- The paper presents DEVO, a novel monocular event-only VO system that significantly reduces camera pose tracking error on real-world benchmarks.
- It employs a deep learning network to select and track informative event patches, refining optical flow predictions for improved accuracy.
- Evaluation across seven benchmarks shows DEVO generalizes from simulation to real-world conditions, rivaling methods that use additional sensors.
Introduction
Event cameras are sensors that differ significantly from traditional cameras, capturing pixel-level brightness changes asynchronously with high temporal resolution and dynamic range. These unique attributes open up promising avenues for tracking camera movement, known as visual odometry (VO), especially during high-speed motion or in challenging lighting conditions. However, the current landscape of event-based VO approaches, even though robust in adverse conditions, still struggles with performance limitations and often relies on additional sensory inputs like inertial measurement units (IMUs), stereo vision, or frame-based cameras to achieve satisfactory results. These additional inputs complicate systems, increase costs, and expose them to issues such as motion blur and reduced dynamic range.
Towards Monocular Event-Only Visual Odometry
To address these challenges, this research introduces Deep Event Visual Odometry (DEVO), a monocular, event-only VO system designed to work robustly across various real-world benchmarks.

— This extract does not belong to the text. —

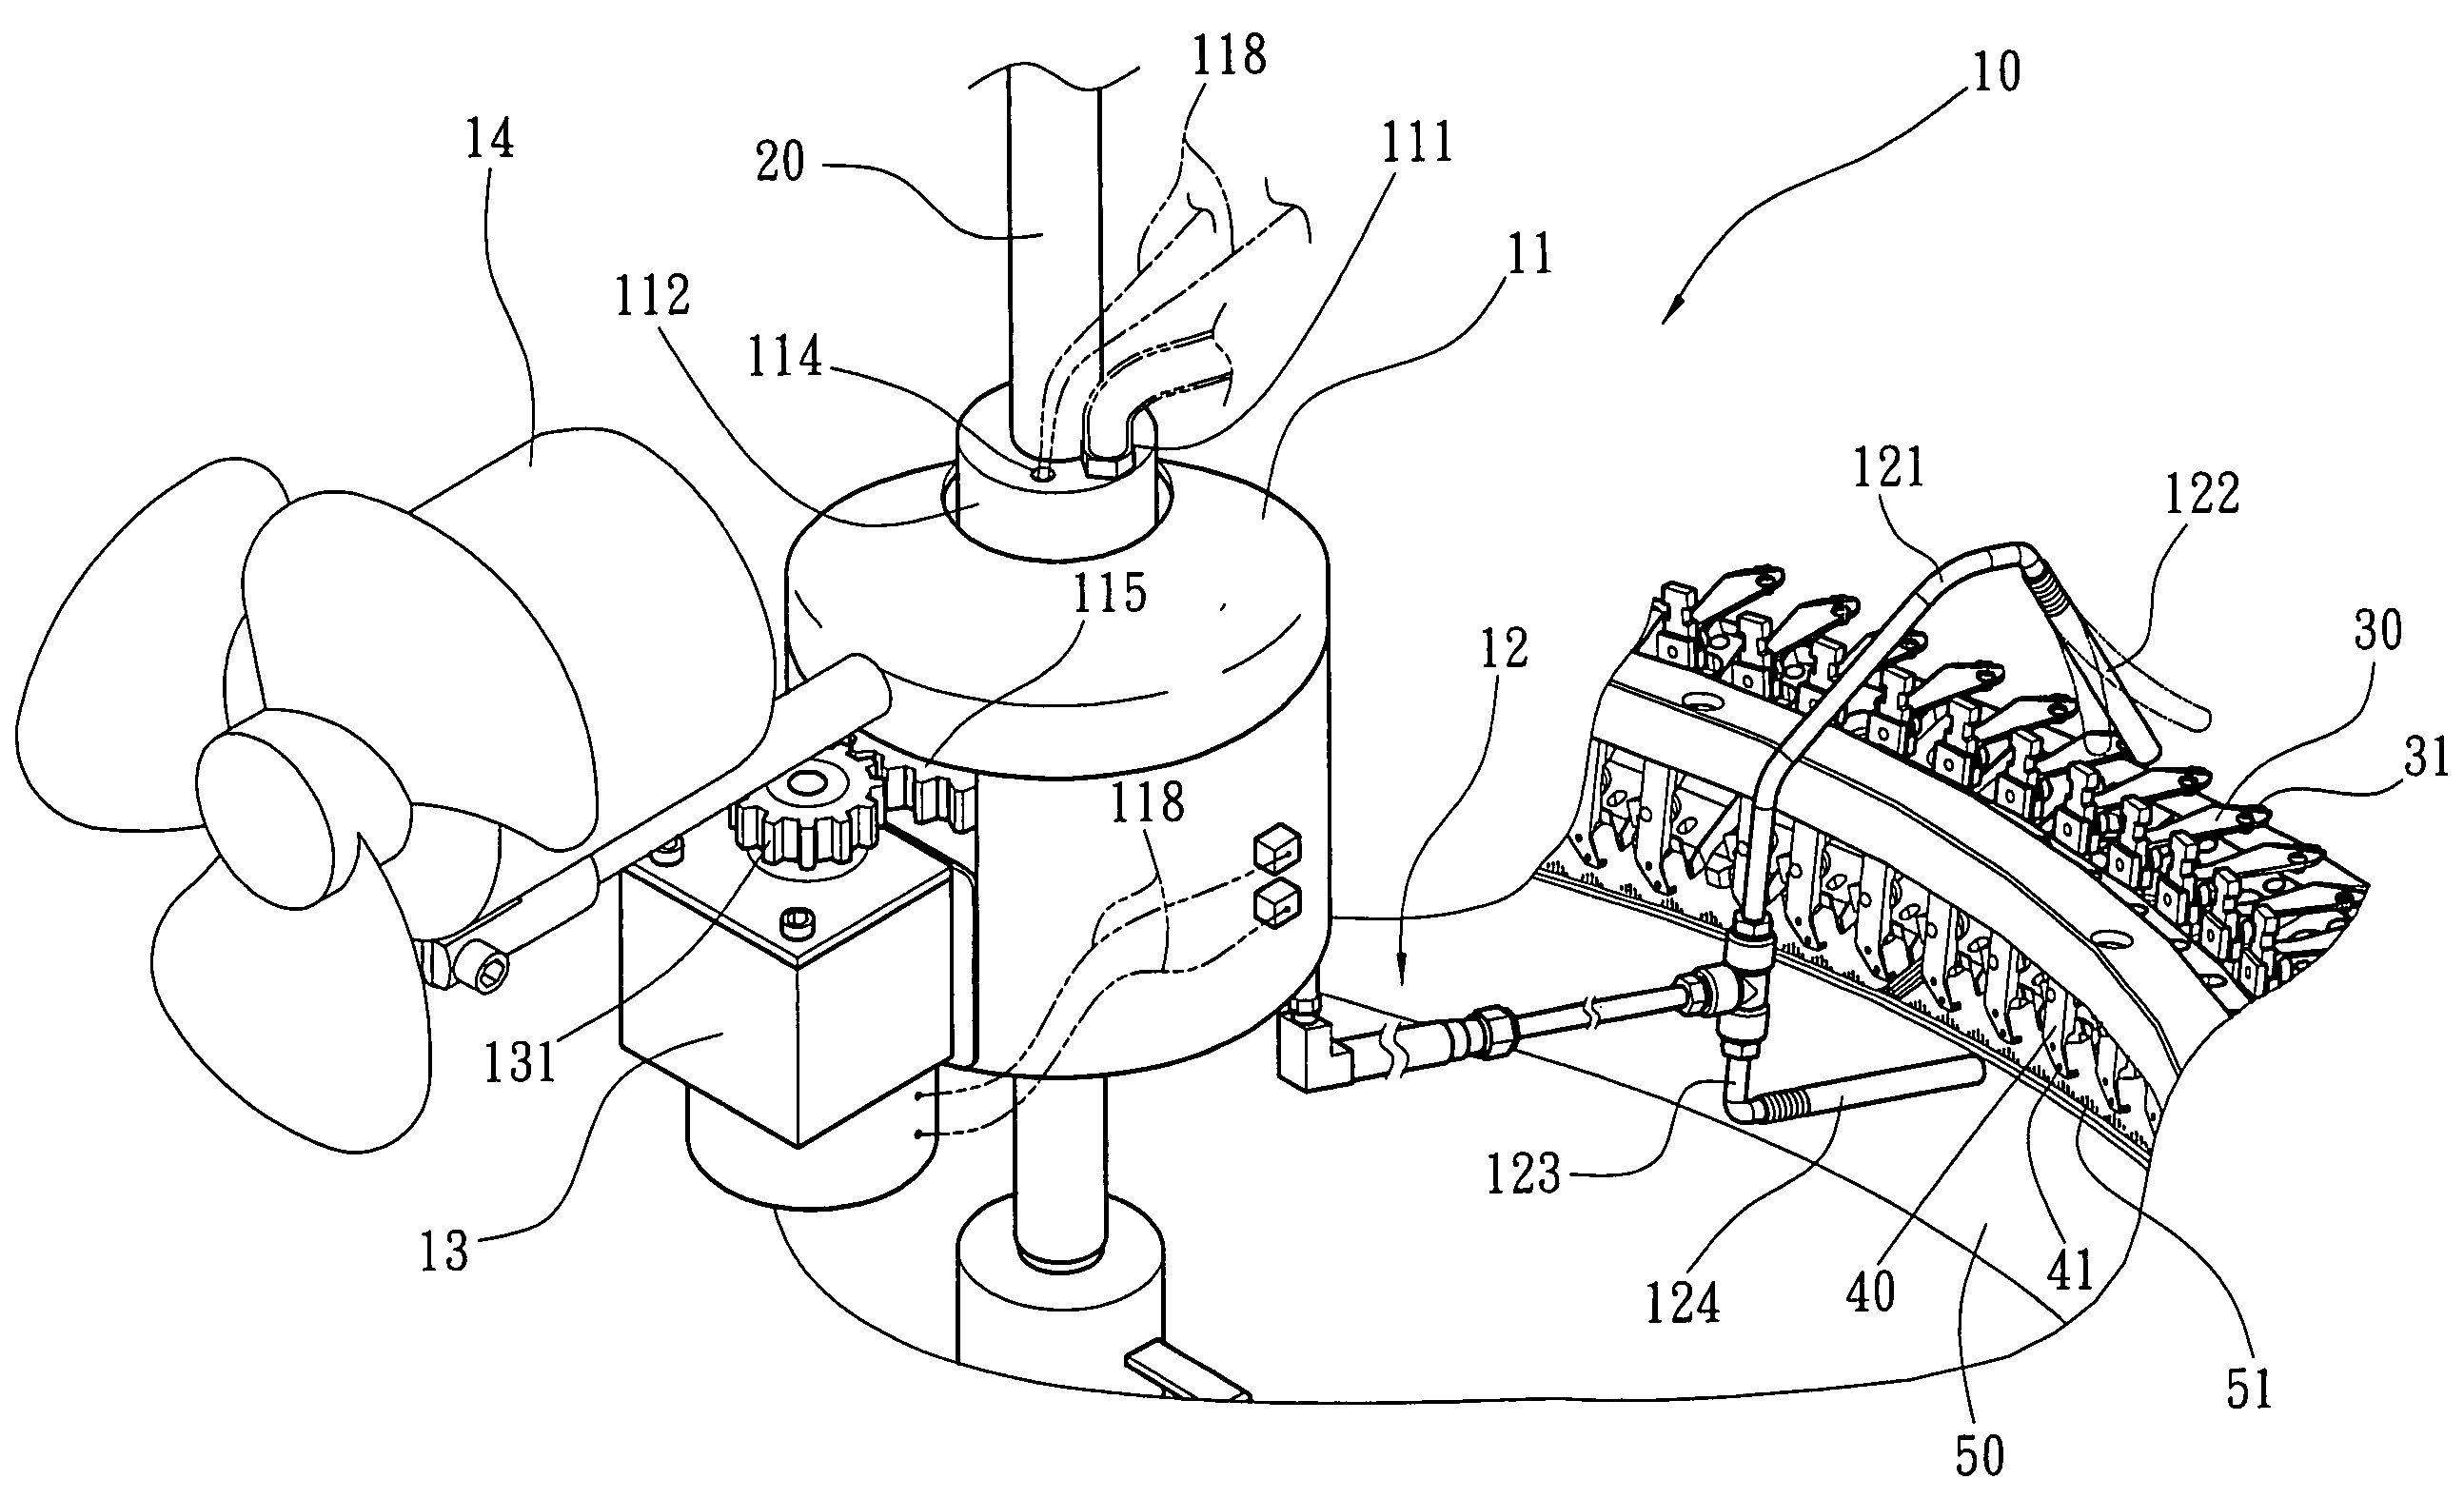 Fiber blowing and heat dissipating system of single-sided circular knitting machine

DEVO innovatively selects and tracks certain event "patches" over time, using a deep-learning approach for patch selection optimized for event data. This method enables DEVO to reduce pose tracking error substantially on several real-world benchmarks, often rivaling or surpassing the performance of stereo or inertial methods without the need for additional sensors.
Deep Event Visual Odometry (DEVO)
DEVO associates visual events with relevant patches for tracking, leveraging a tailored neural network that predicts which areas of the data are most promising for accurate VO. The system estimates camera poses and depths from sequences of event data using an iterative process that refines optical flow predictions and adjusts the event patches' trajectories. A significant part of DEVO is its patch selection network, developed specifically for the sparse and temporally-rich nature of event camera data.
The network architecture is trained on a large simulated dataset and evaluated against multiple real-world benchmarks, surpassing previous event-based methods in accuracy and robustness. Additionally, DEVO integrates photometric voxel augmentations, compensating for the sim-to-real gap that arises from the idealized event generation models used in simulation.
Evaluation and Open-Source Contributions
The evaluation of DEVO across seven real-world benchmarks highlights its capacity to generalize from simulation to a diverse array of real-world conditions without extensive parameter tuning. The evaluation reveals that DEVO often outperforms comparable methods that use additional sensors like IMUs or stereo cameras, demonstrating the efficacy of learning-based VO with event data.
To contribute to the research community and encourage further advancements in event-based vision, the authors of the paper have made their code, including training, evaluation, and event data generation, accessible as open-source. This transparency ensures that future research can build upon their findings, optimizing and developing this innovative approach to visual odometry further.